383 :名無しさん@おーぷん :2015/09/27(日)10:52:23 ID:X4p
麻痺していたのか何なのか、私はリンの隣で眠ることが普通になっていた。
いや、だってリンだし。リンなんてもう、ほら。何も無いでしょ。あるわけないでしょ。
リン「諸事情により、寝るスペースは今まで一緒だった」
ミキ「成る程…」
リン「変な勘ぐりを入れるな。俺はこいつに何もされていない」
女「何で私が“する”側なのよ!逆でしょ!?」
リン「うるさいな…。何か問題でもあるのか、これ。いいだろ」
ミキ「いやいやいやいや、女ちゃん的にどうなのよ!?」
女「え?…あー、ど、どうだろう。今までなんとも思ってなかった」
ミキ「16歳だよ!?16歳の異性とすぐ隣で寝るんだよ?」
女「う、嘘。最初はちょっといいのかなあって思った。けど、リンだし」
リン「ああ、何も起きるはずないだろ」
断言されるのも何だか悲しい気がするけど。
ミキ「はー…。ま、リンならまぁ…」
ミキはやっと納得がいったのか、ふむふむと頷きながらドアを閉めようとした。
ミキ「んじゃ、まあおやすみなさい。でも女ちゃん、気をつけなさいよ。男なんて皆」
ぼふっ。
ミキ「ぎゃっ!?」
リン「消えろ」
リンが枕を投げつけた姿勢のまま鋭く言い放った。
ミキ「ったーい…。乱暴者!!ばぁああか」
ミキは子どものように舌を出すと、荒々しくドアを閉めた。
リン「ったく」
リンは枕を拾い上げ、さっさと自分の領地に戻っていく。

385 :名無しさん@おーぷん :2015/09/27(日)10:59:54 ID:X4p
女「…」
リン「うるさい男だなあ、あいつ」
女「い、いや。
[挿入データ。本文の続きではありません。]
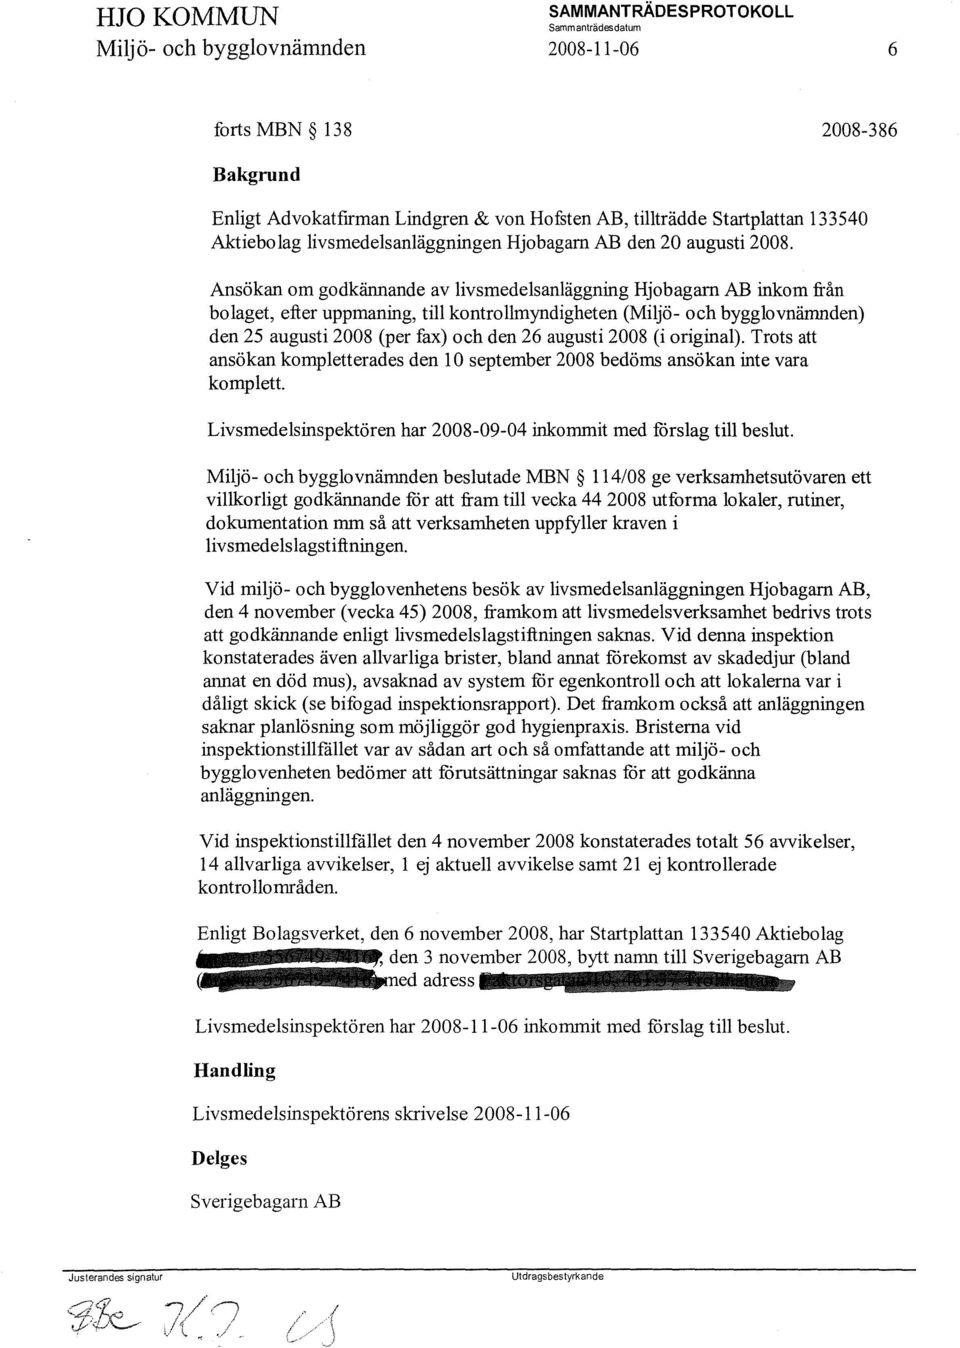 Ansökan om godkännande av livsmedelsanläggning Hjobagarn AB inkom från bolaget, efter uppmaning, till kontrollmyndigheten (Miljö- och bygglovnämnden) den 25 augusti 2008 (per fax) och den 26 augusti

男っていうか」
リン「さっさと寝るぞ。明かり消していいか」
女「え、あ、」
私は布団の上に座ったまま、固まる。
よく見たら、リンが近い。腕を伸ばせばすぐに体が触れ合うし。
それに、あれだ。リンの力ならどんなに離れていたって、簡単に…
リン「おい」
女「ひゃっ」
リンが長い髪と顔をかたむけながら、私の顔を覗き込んでいた。
リン「どうかしたか」
女「あ、ううん。何でも、何でもない」
リン「ふうん」
リンの髪がさらさらと音を立てる。
パジャマ代わりにしている若干だぼついたYシャツから覗く、雪みたいな首筋とか、鎖骨とか。
とか。
女「…」
私は、大丈夫だろうか。 寝ているとき、何か変なことになっていないだろうか。
リン「何見てんだ」
女「み、見てないよ」
リン「…」
リンが背を向けて、布団にもぐりこむ。女性的な繊細さをもつうなじが、見えた。